Exercise description: Please write out all the data that follows exactly, without the pictures.

Stored data:
[Start of Attachment]

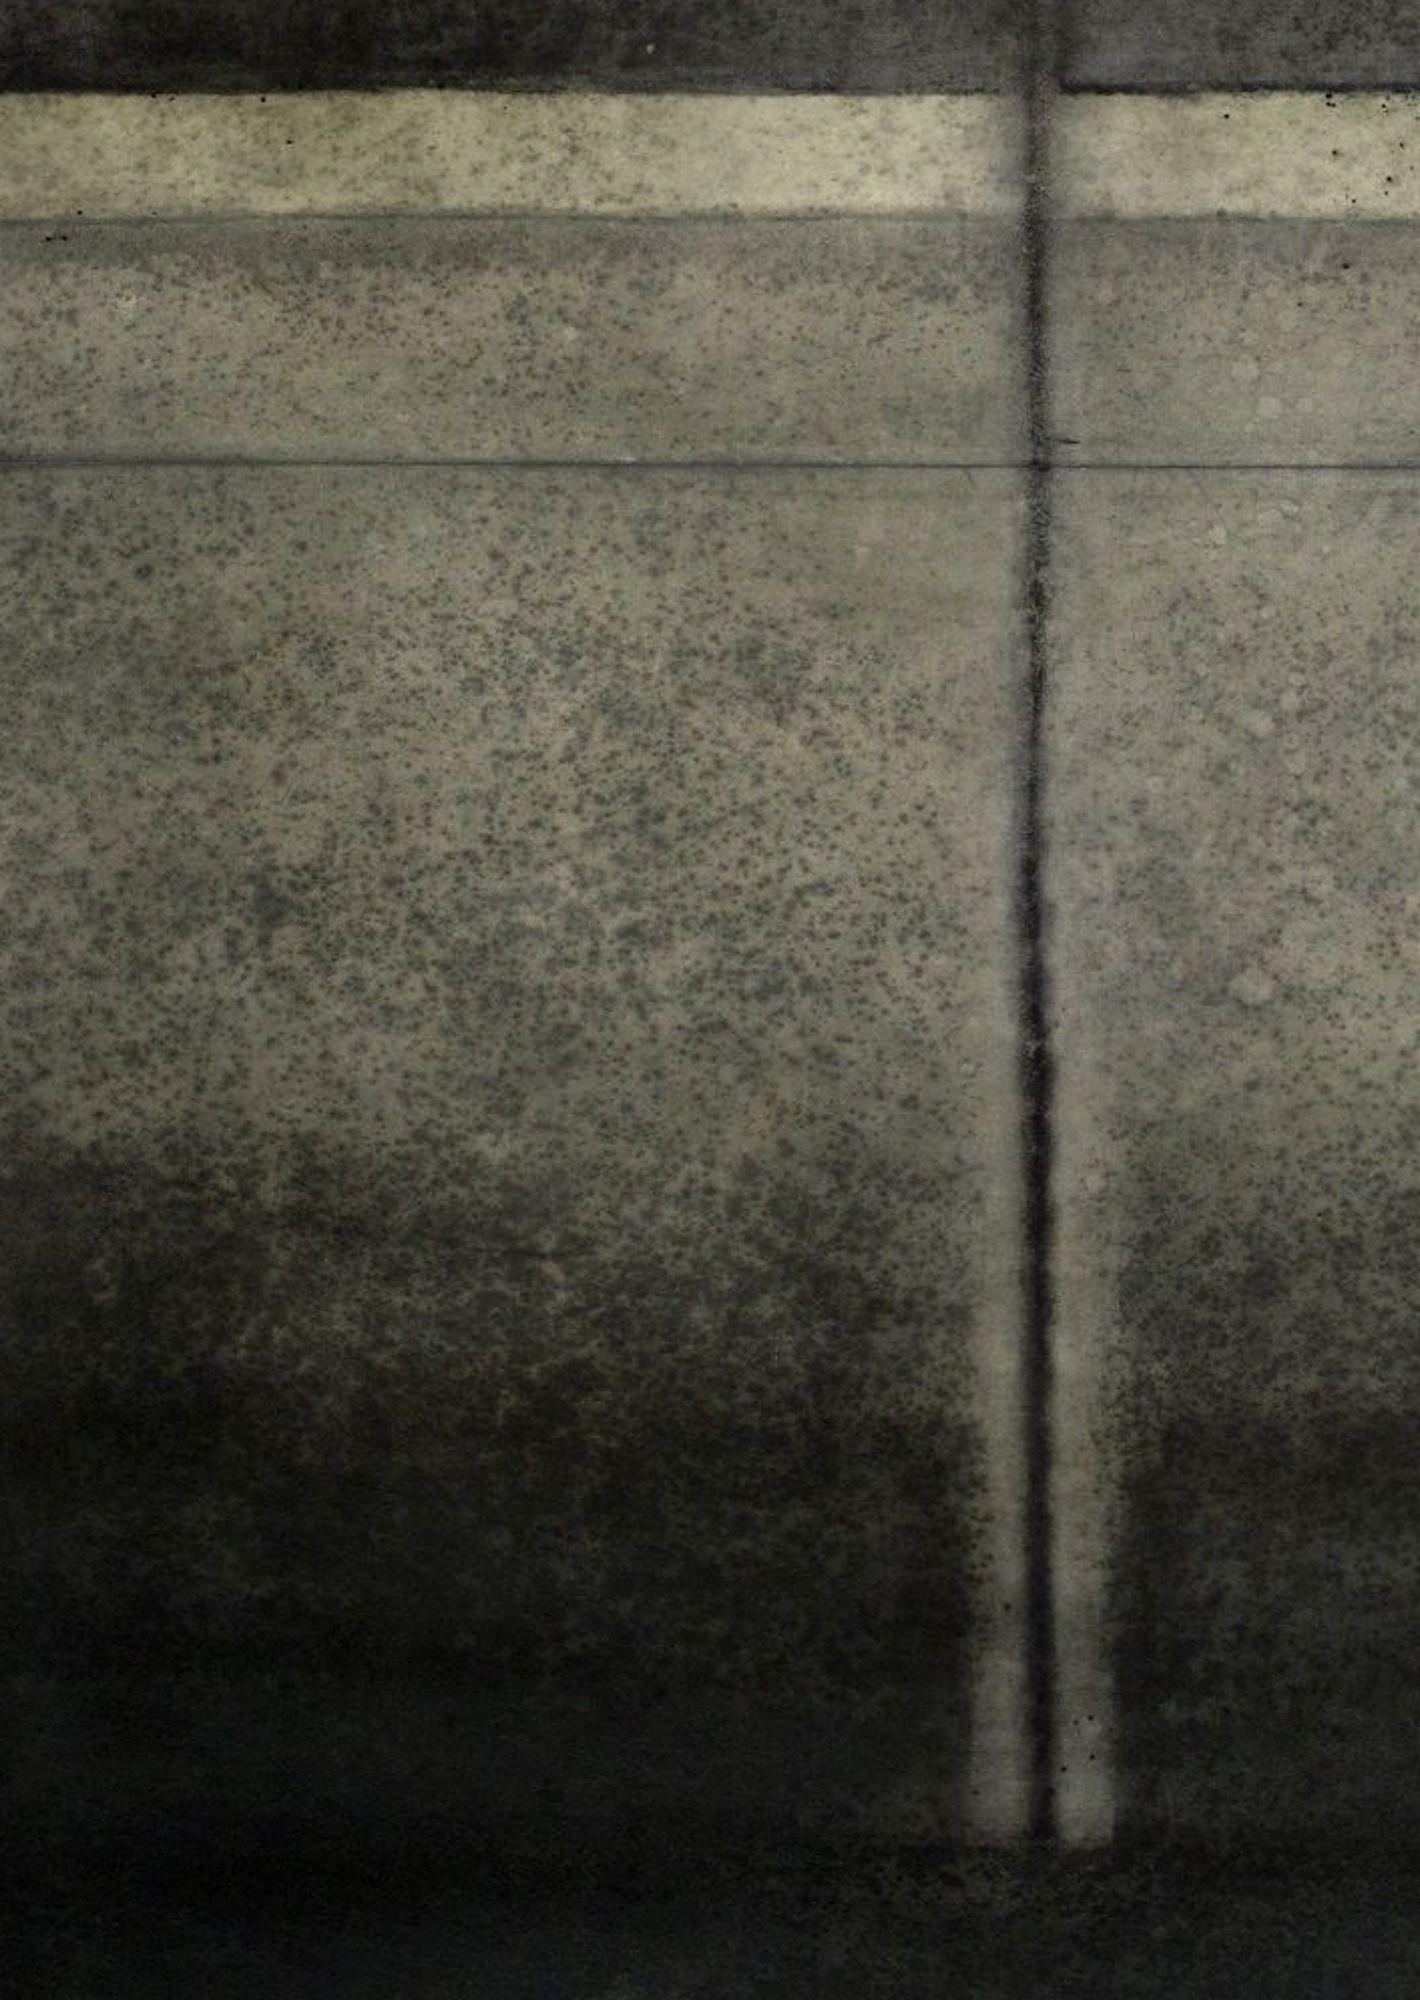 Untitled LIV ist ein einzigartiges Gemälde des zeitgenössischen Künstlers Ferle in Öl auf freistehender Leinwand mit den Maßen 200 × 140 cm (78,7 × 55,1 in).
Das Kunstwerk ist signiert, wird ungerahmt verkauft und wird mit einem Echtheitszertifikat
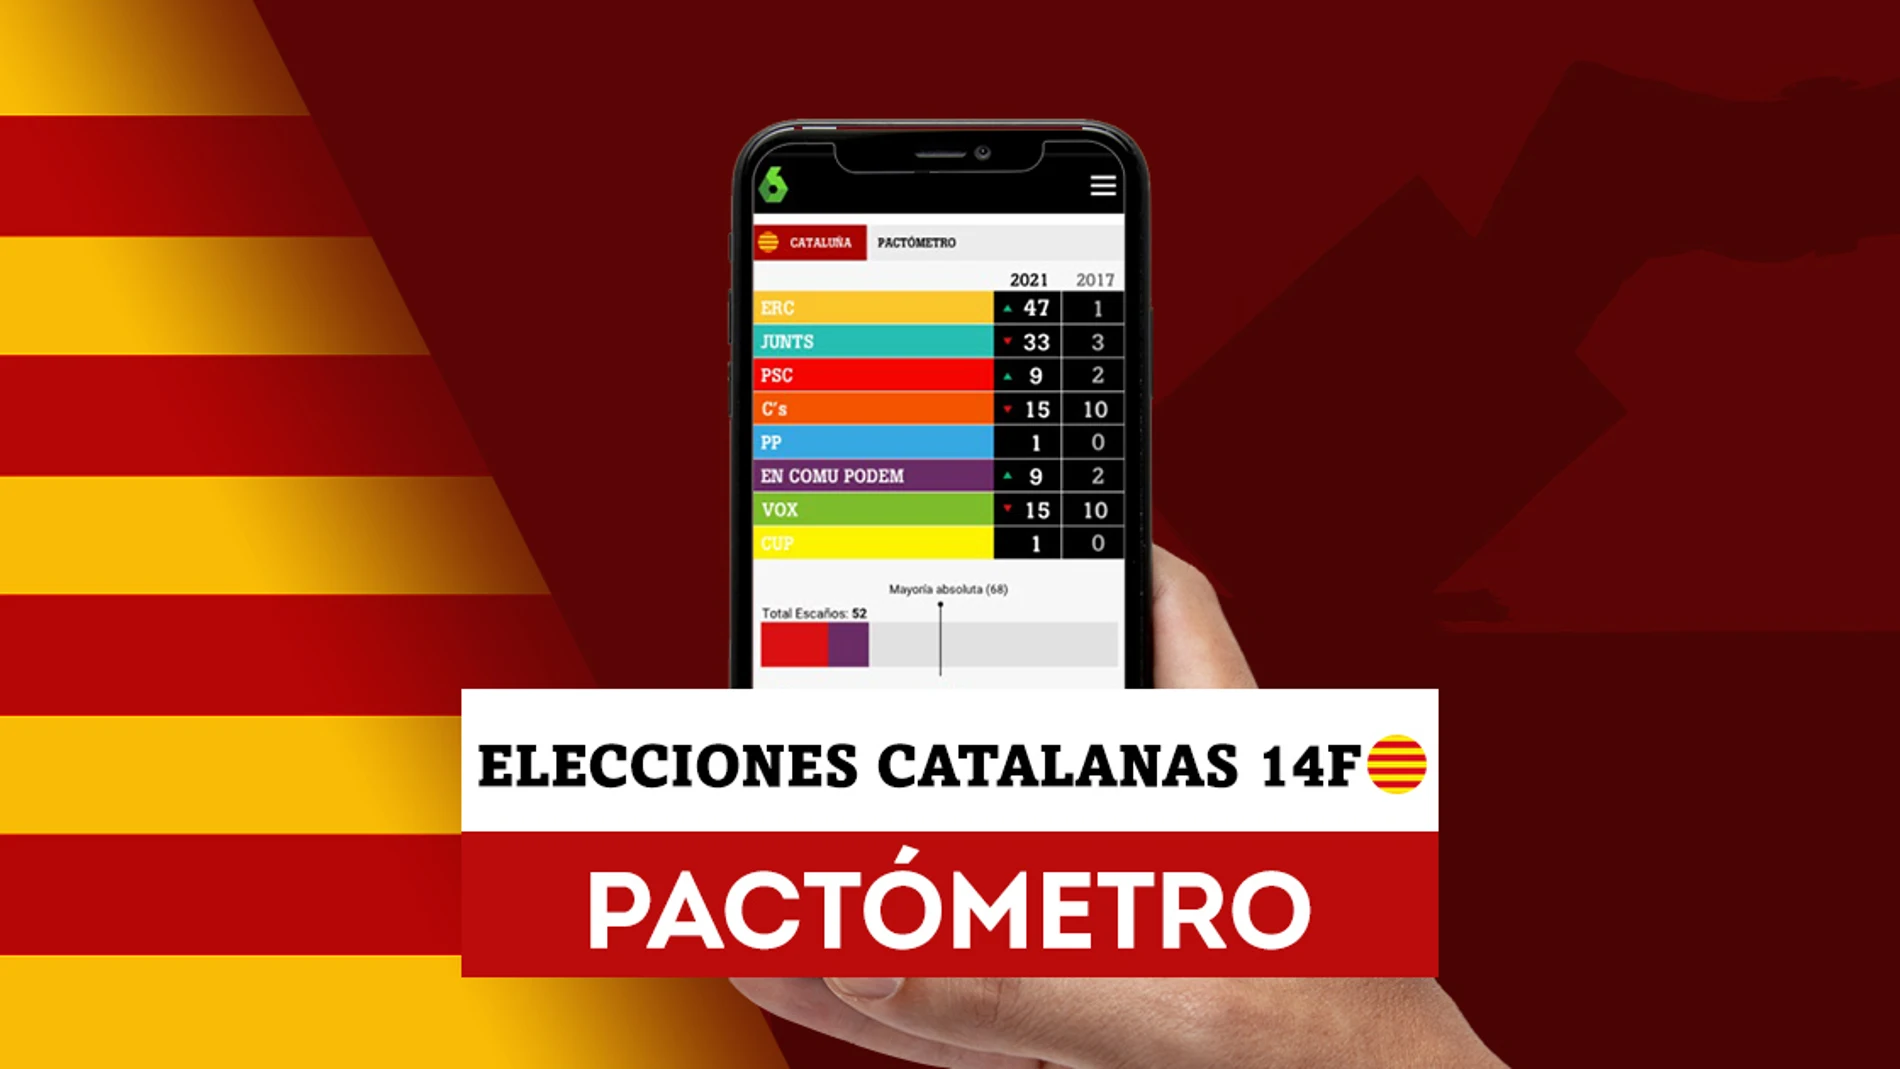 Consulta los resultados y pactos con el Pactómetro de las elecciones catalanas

[End of Attachment]

Exercise output:
 Untitled LIV ist ein einzigartiges Gemälde des zeitgenössischen Künstlers Ferle in Öl auf freistehender Leinwand mit den Maßen 200 × 140 cm (78,7 × 55,1 in).
Das Kunstwerk ist signiert, wird ungerahmt verkauft und wird mit einem Echtheitszertifikat
 Consulta los resultados y pactos con el Pactómetro de las elecciones catalanas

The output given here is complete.